Short term, the goal is to see if video calls to a physician help responders treat emergencies in the field. The longer-term quest, in collaboration with BU computer scientist Deepti Ghadiyaram, is to use artificial intelligence (AI) to enhance emergency care outside hospitals and save more lives.

Boyle, who is also a pediatric emergency physician at BMC, and Ghadiyaram, a BU College of Arts & Sciences assistant professor of computer science, will use video recordings like these to train AI models for responders to take with them on calls—perhaps on a phone or laptop—for use in assessing and treating very sick or injured children more rapidly than humans can do on their own.

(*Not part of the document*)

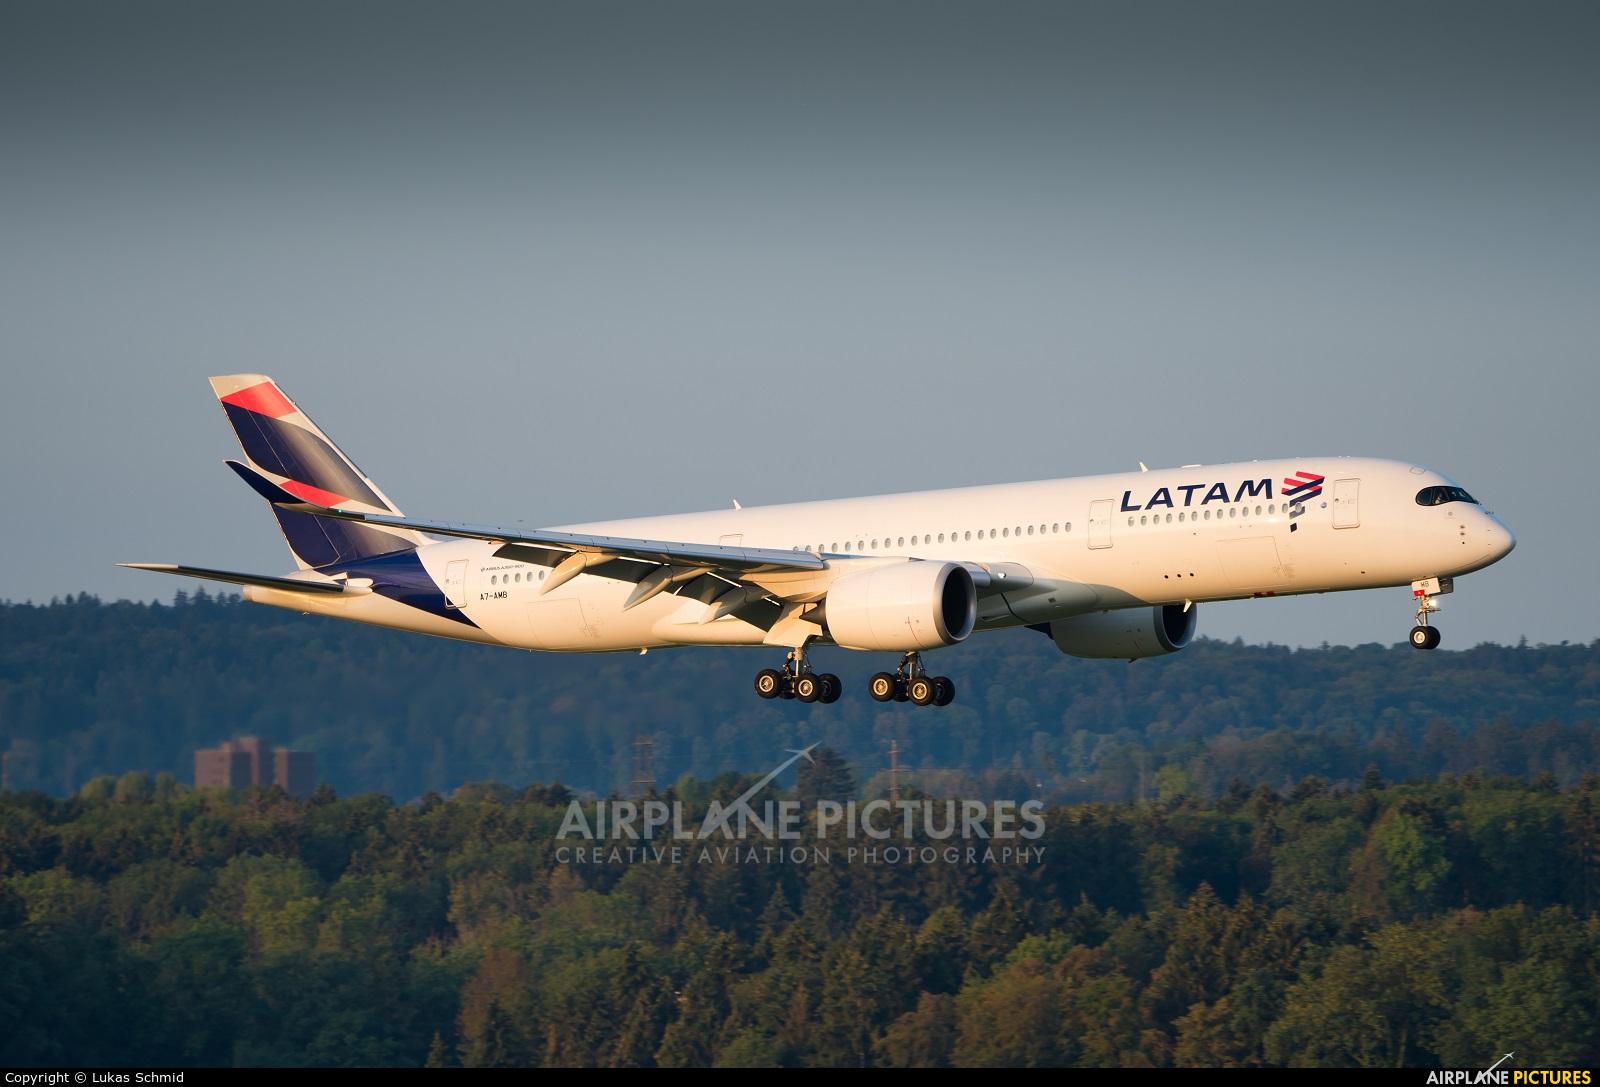 LATAM A7-AMB aircraft at Zurich

With the mannequin simulations, “We collect a range of outcomes related to safety and quality of care,” Boyle says, including “time [required] to critical interventions, procedural skill, and appropriateness of medication choice and dosing.” She debriefs responders on how the computer technology they tested in their simulations affected their teamwork, communication, and efficiency, while collecting any feedback they offer about ways that the tech might be improved.

“We don’t know if there’ll be benefits” from equipping responders with technology, be it videoconferencing with physicians or AI, Boyle says. “That’s what we’re trying to see.” If the research shows promise for either approach in pediatric cases, she adds, the tech could be used in responding to adult emergencies as well. (The necessary treatments and instruments used in an emergency differ for child and adult patients, Ghadiyaram notes.) It could also be used on personal smartphones for when people call 911 for help if their child stops breathing or their heart stops suddenly.

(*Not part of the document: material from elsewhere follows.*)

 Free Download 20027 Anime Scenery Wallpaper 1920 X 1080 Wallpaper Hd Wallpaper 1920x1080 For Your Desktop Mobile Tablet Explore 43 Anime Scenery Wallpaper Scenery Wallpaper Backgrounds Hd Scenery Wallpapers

Ghadiyaram imagines a promising hypothetical use of the potential AI tool in pediatric cases: “Consider the scenario where EMS clinicians are trying to give heart compressions [to a child] during CPR.” The hoped-for AI tool would follow, via audio and video, the responders’ efforts and provide guidance on any potential changes in approach. It could tell them, for instance, to compress faster and harder, or fewer and lighter, or remind them to breathe for the child.

Partnering with technology could be especially helpful for responders working alone who are attending to children in medical emergencies.

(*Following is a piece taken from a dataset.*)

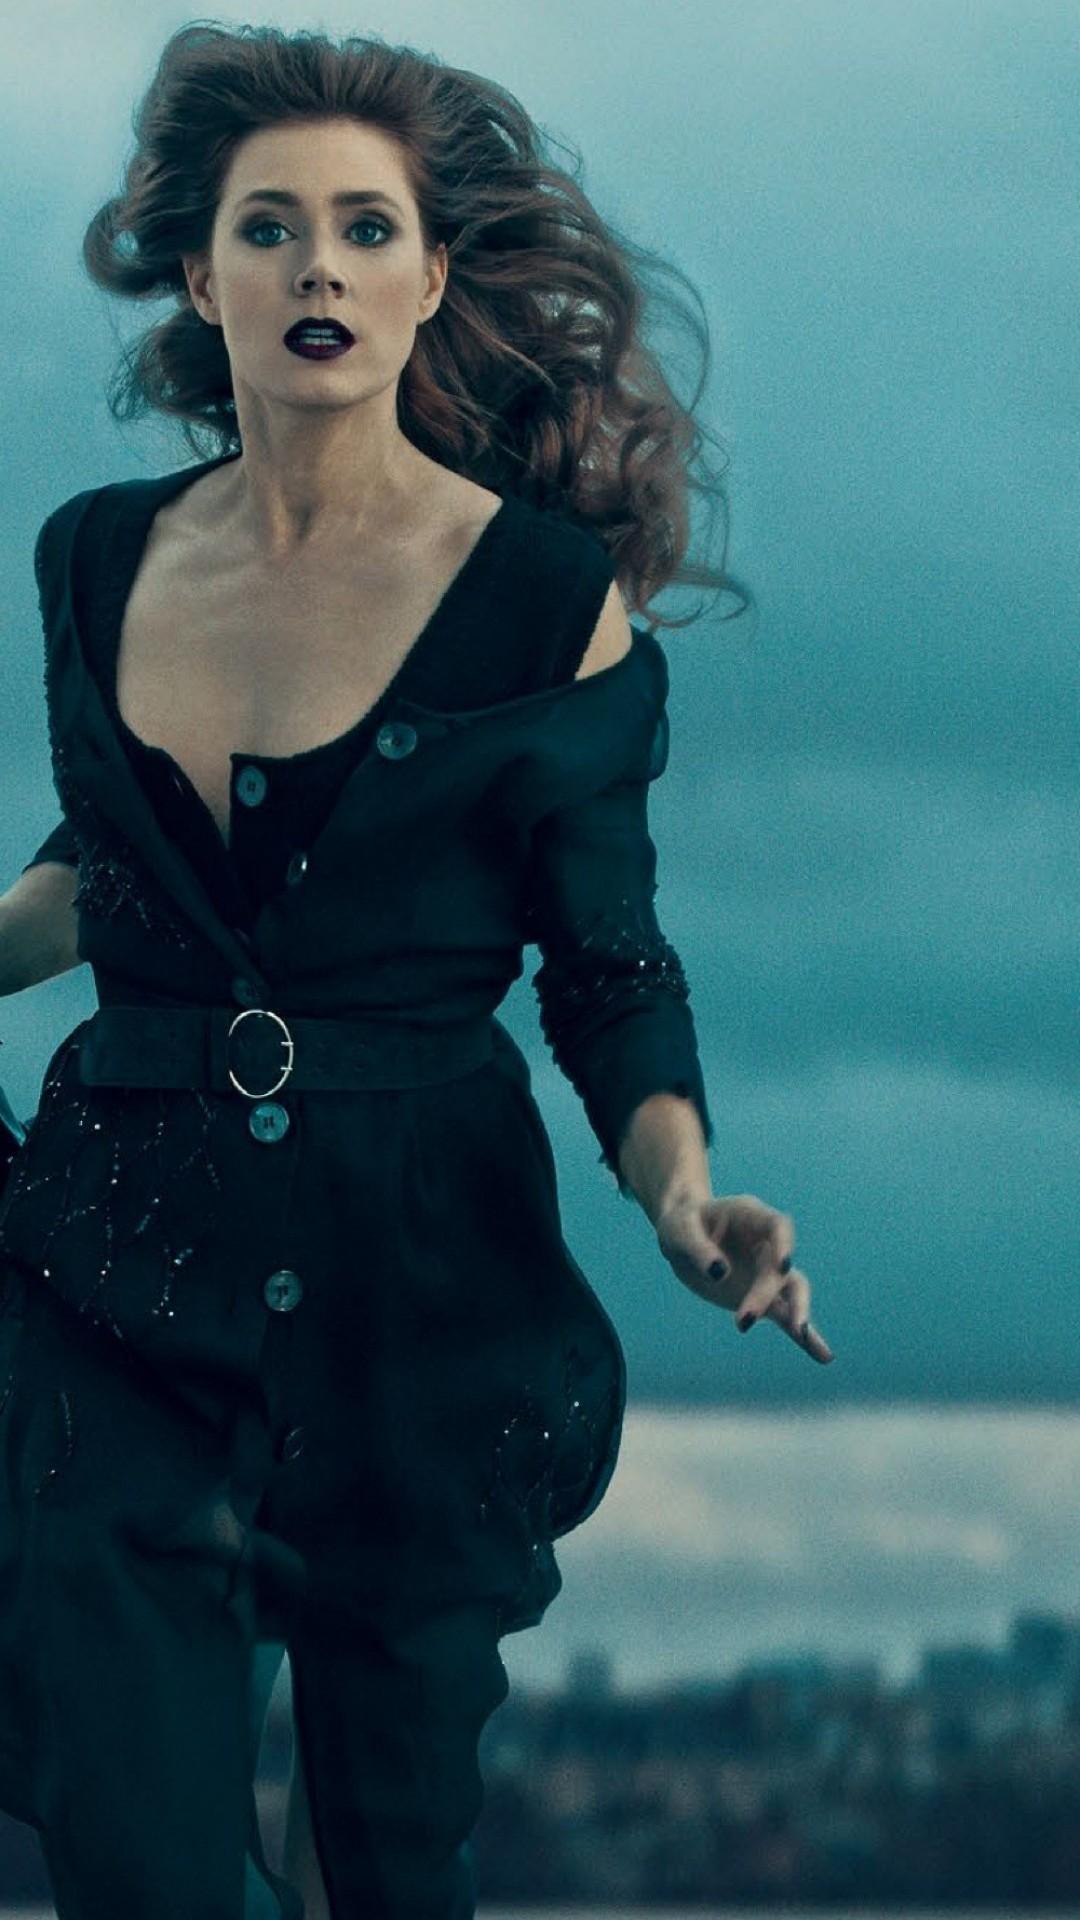 Wallpaper Amy Adams Most Popular Celebs Actress Singer

“Encounters with sick children are uncommon and highly stressful,” Boyle says. “Most EMS clinicians may only encounter one or at most a few in their career. This makes it very difficult to remember all the aspects of care that are unique to children when it matters most. Ultimately, our goal is to expand the EMS tool kit with a digital intervention that gives access to pediatric experts for clinical support in real time.” 

One hope, she says, is that this research will help “compel EMS systems, funders, and government agencies to invest in digitally integrated, prehospital systems that improve patient care and outcomes.”

Using a mannequin achieves several ends. It eliminates the problem of paucity of real-life pediatric calls, which would crimp the amount of data. The lack of video footage of children who need emergency care outside hospitals is a major limit on developing AI applications for this purpose. The research also sidesteps privacy concerns surrounding real patients, Ghadiyaram says; mannequins don’t have privacy rights.

If the research yields an AI device, “The hope is Boston Medical Center—because we are working with the in-house physicians and pediatric emergency care folks [there]—will at least try this out,” says Ghadiyaram.

The researchers have five-year funding of $3.7 million from the National Institutes of Health. “One of the strengths of this study,” Boyle says, “is that we will have a better understanding of how care is delivered to critically ill children in different parts of the US in a very granular way, which has never been captured before.”